### [INPUT DATA]
____

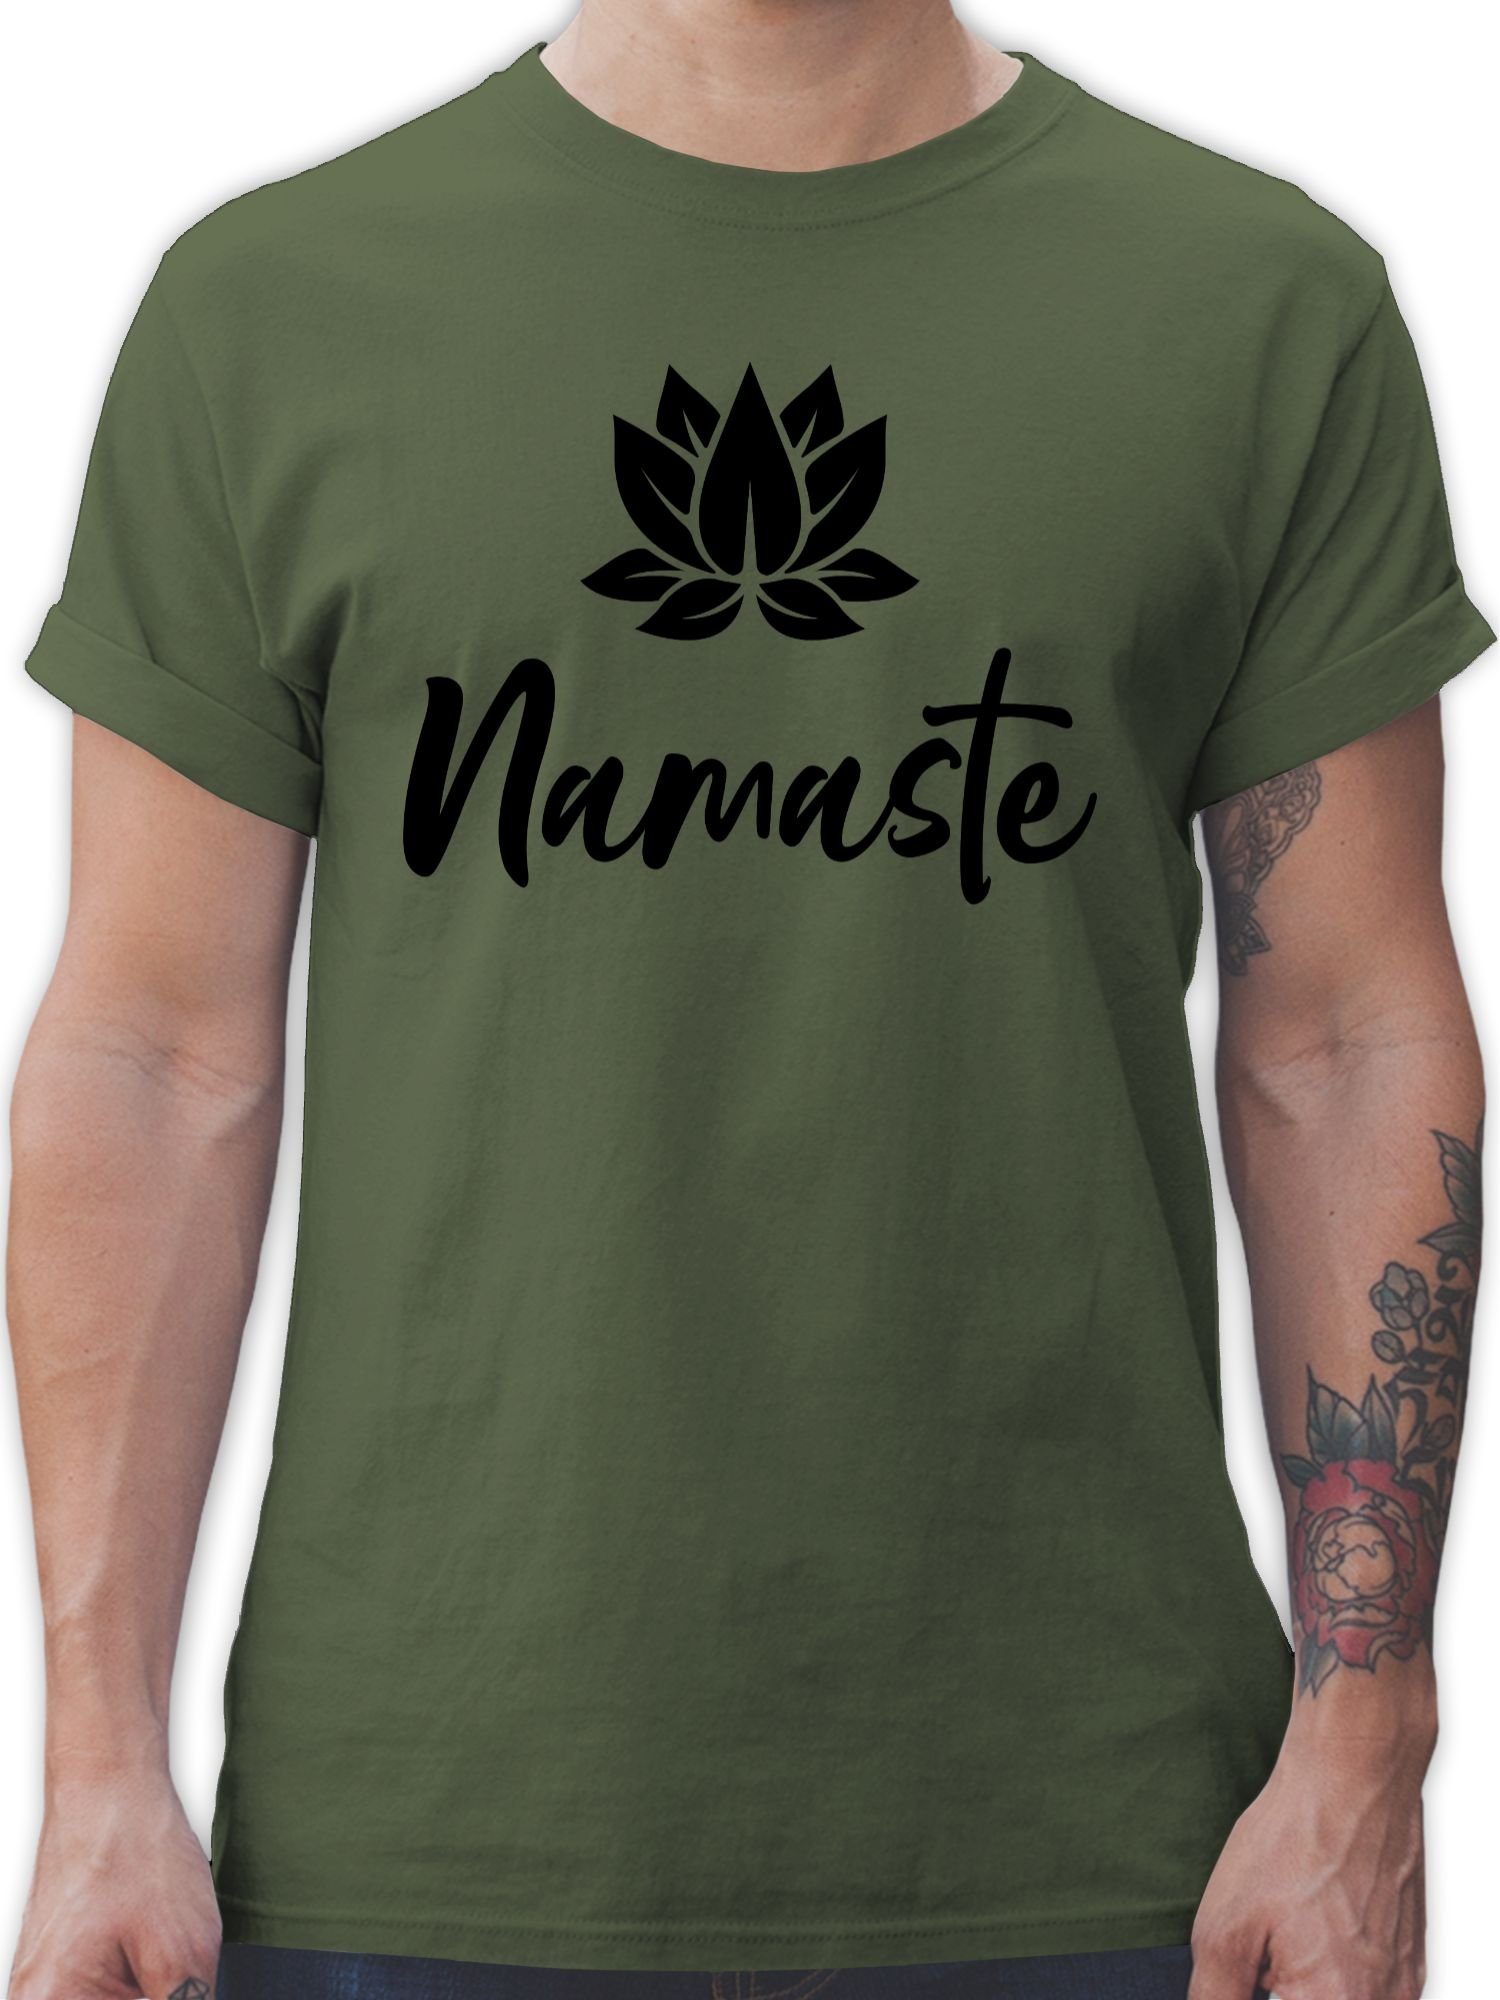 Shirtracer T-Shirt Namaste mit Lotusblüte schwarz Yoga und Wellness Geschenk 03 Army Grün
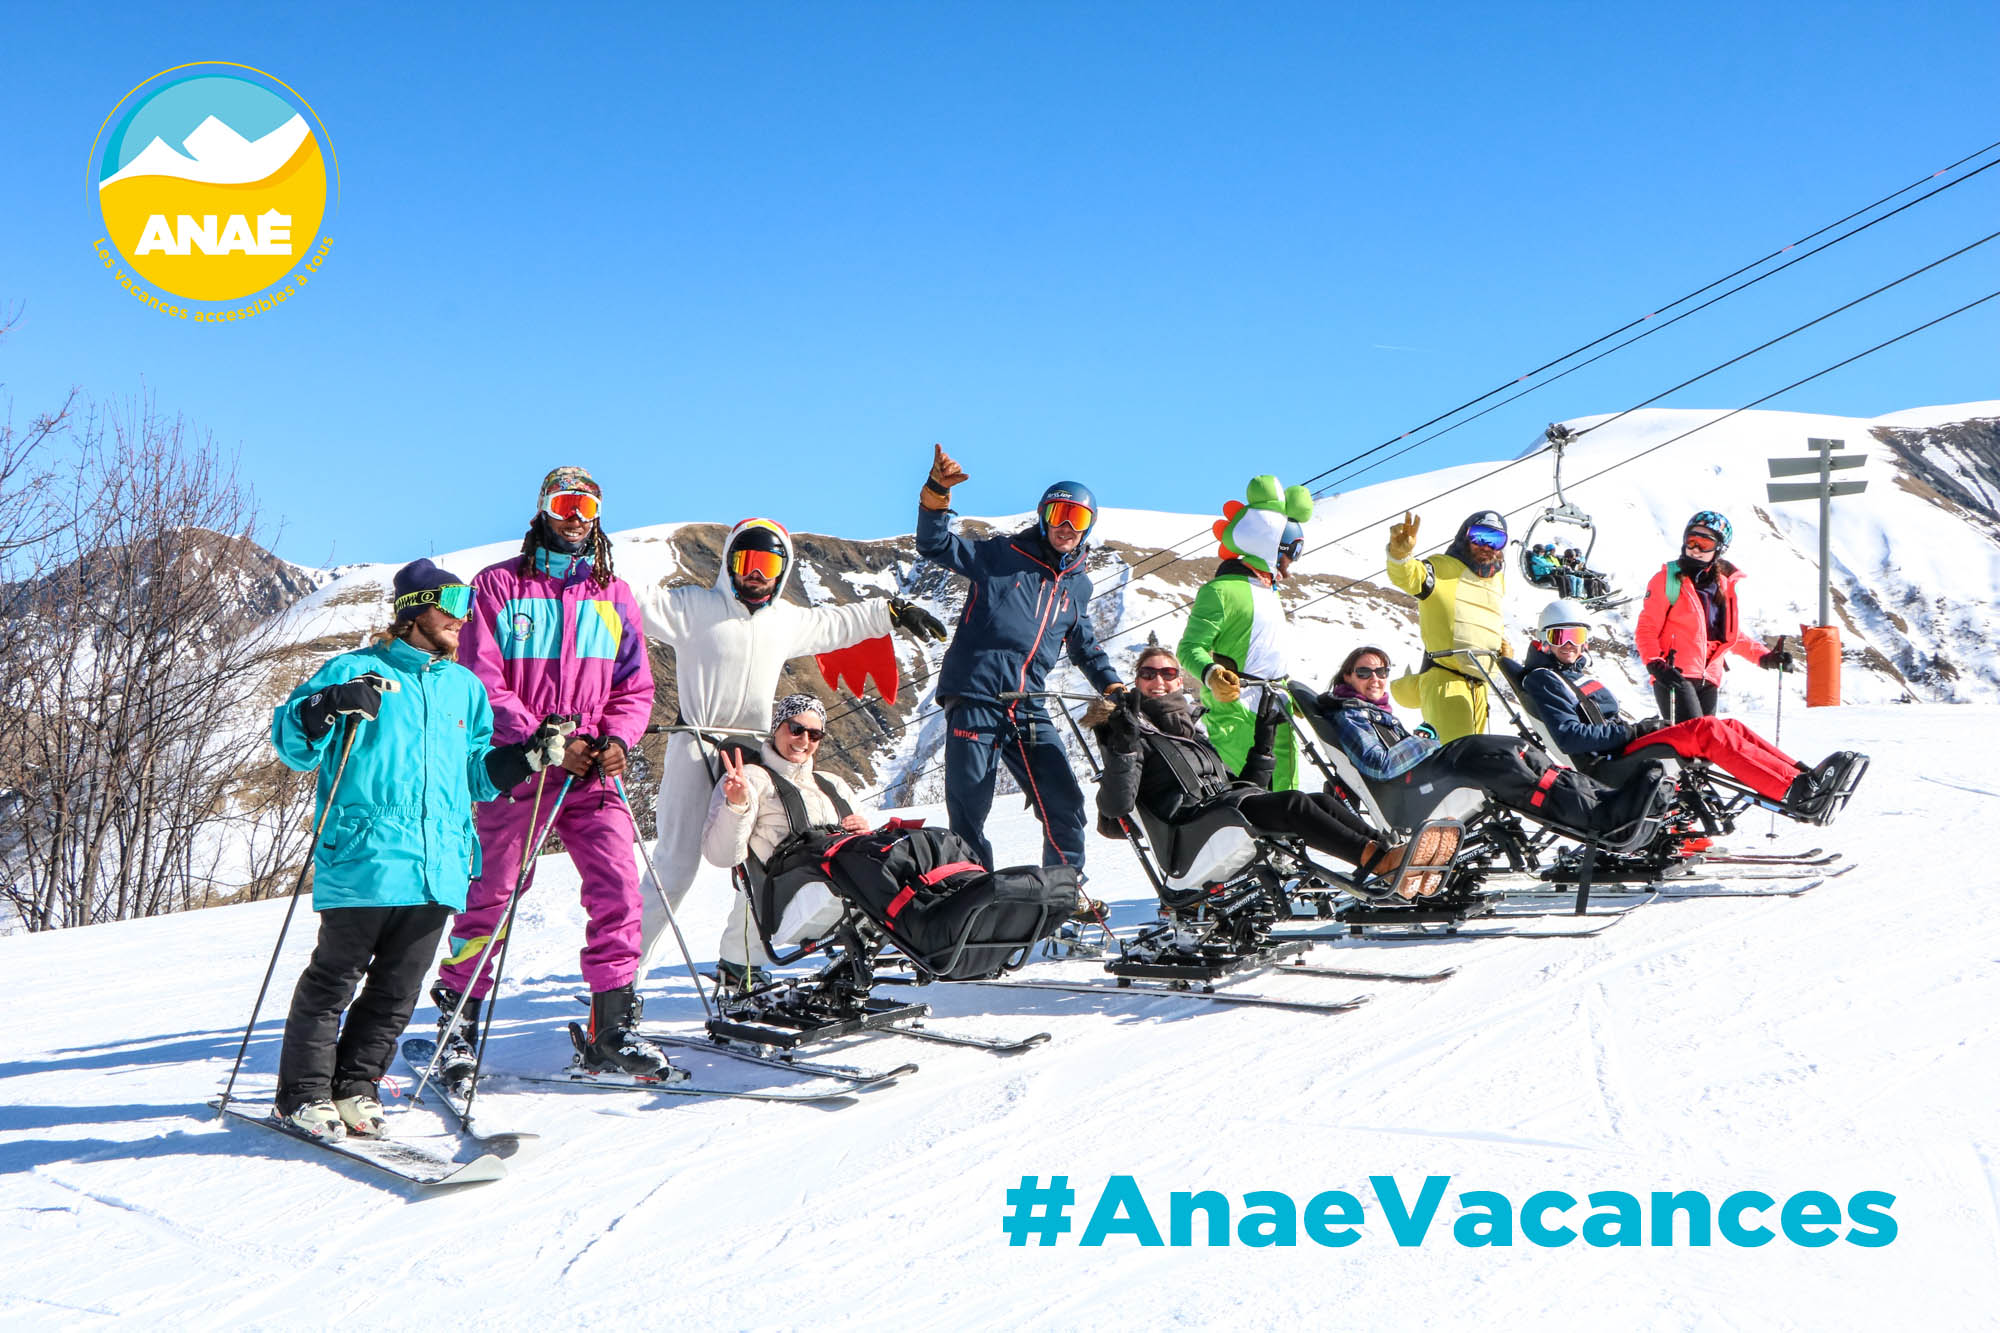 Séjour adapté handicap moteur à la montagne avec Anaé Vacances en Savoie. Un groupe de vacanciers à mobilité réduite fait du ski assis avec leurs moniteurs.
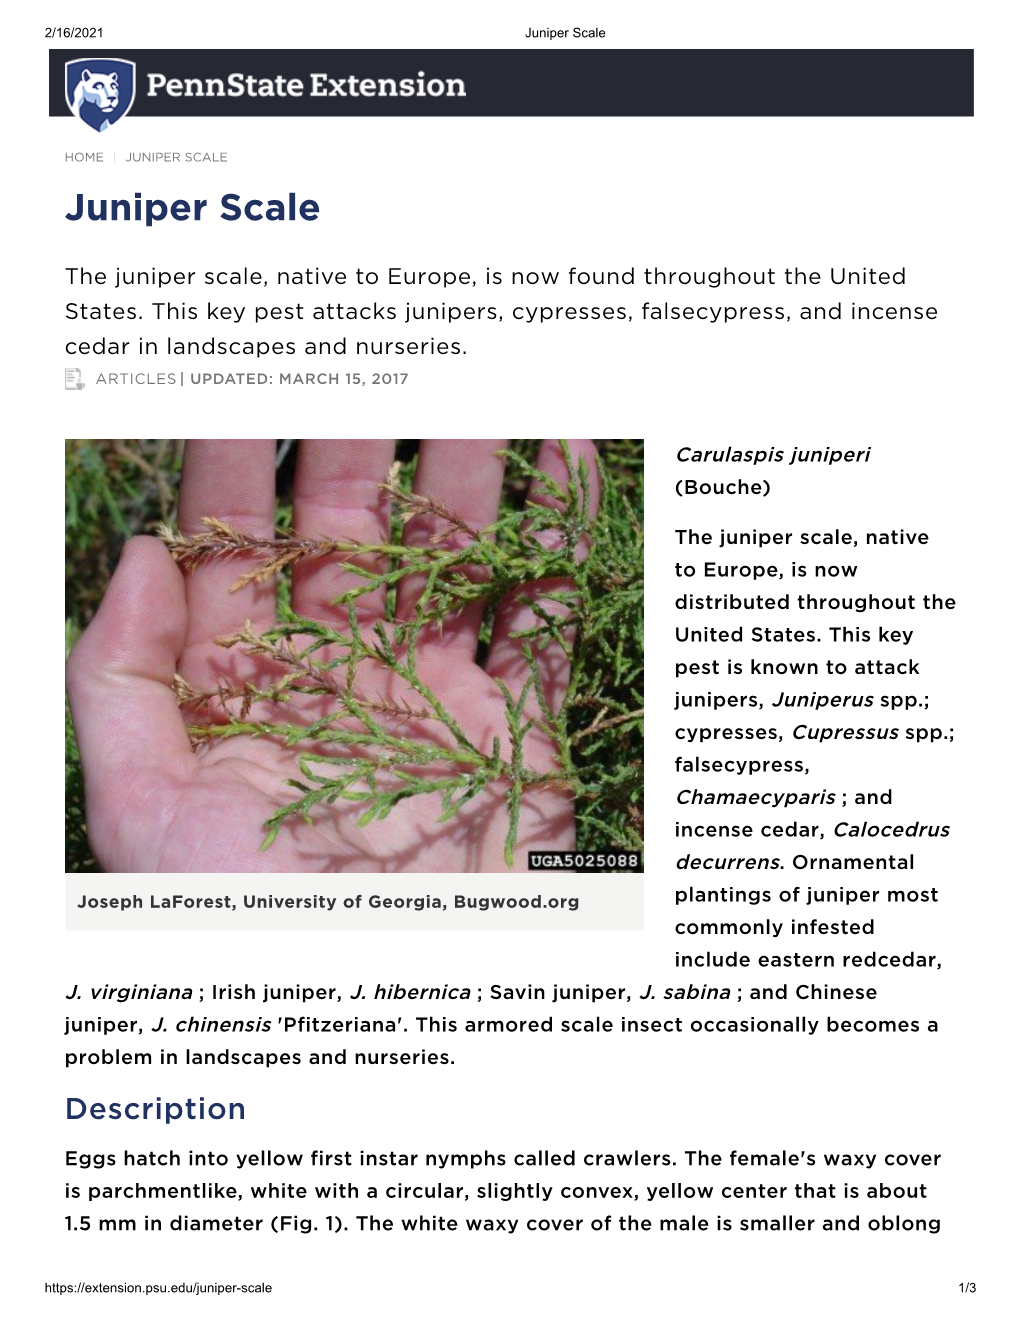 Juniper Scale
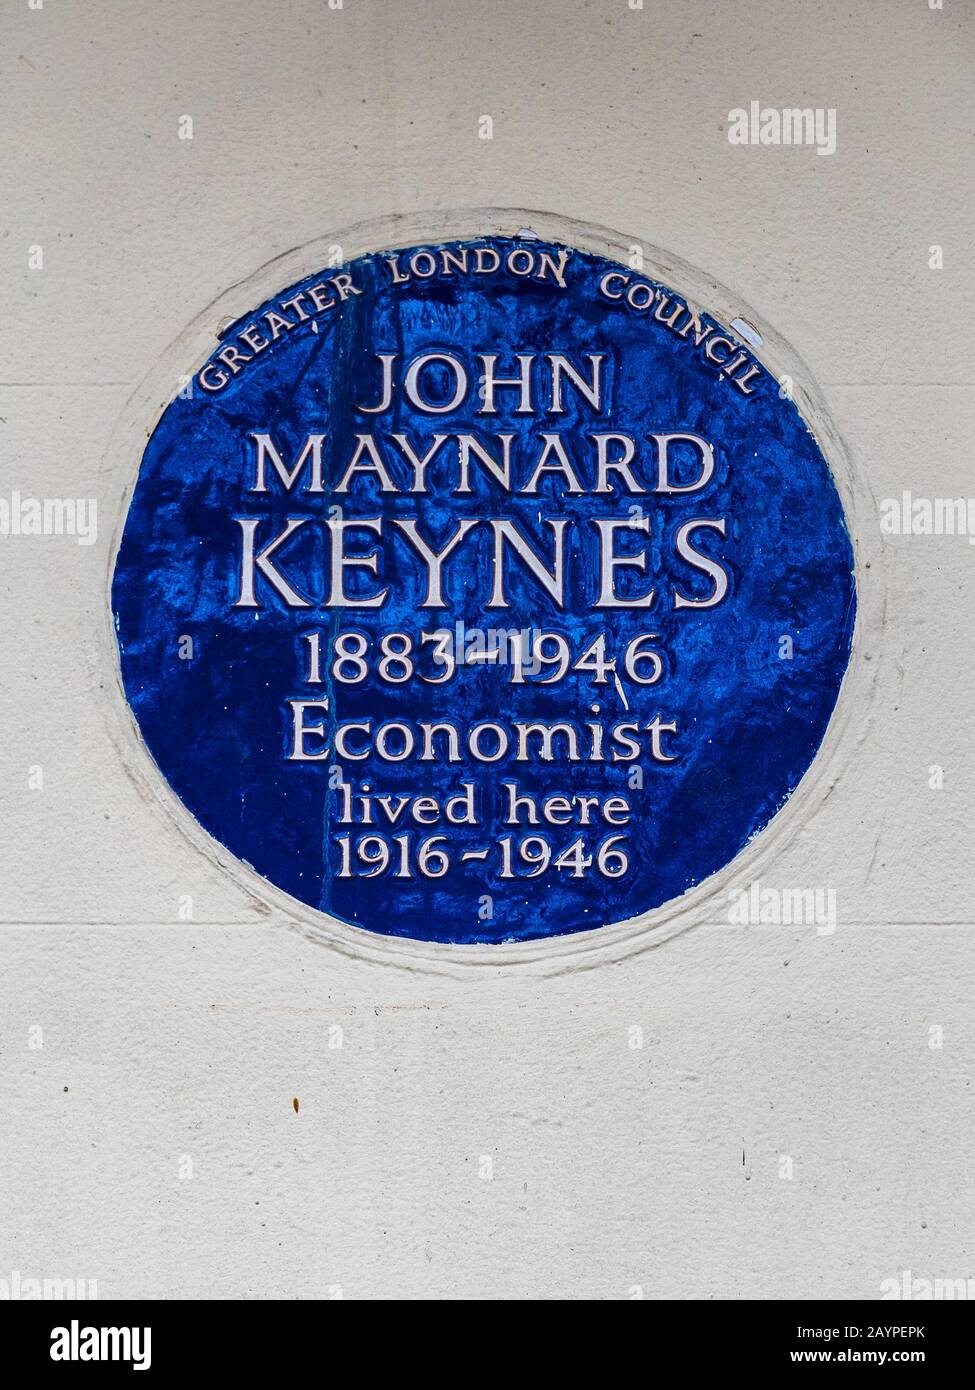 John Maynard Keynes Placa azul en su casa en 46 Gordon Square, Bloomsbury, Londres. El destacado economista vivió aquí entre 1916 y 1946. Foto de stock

____

### [WHAT NEEDS TO BE DONE]
In the copy, no pictures are to appear; write out exactly the lines from the one containing "Juniper Scale" through the end of the listing above and no further lines.

### [EXERCISE SOLUTION]
 Juniper Scale
 John Maynard Keynes Placa azul en su casa en 46 Gordon Square, Bloomsbury, Londres. El destacado economista vivió aquí entre 1916 y 1946. Foto de stock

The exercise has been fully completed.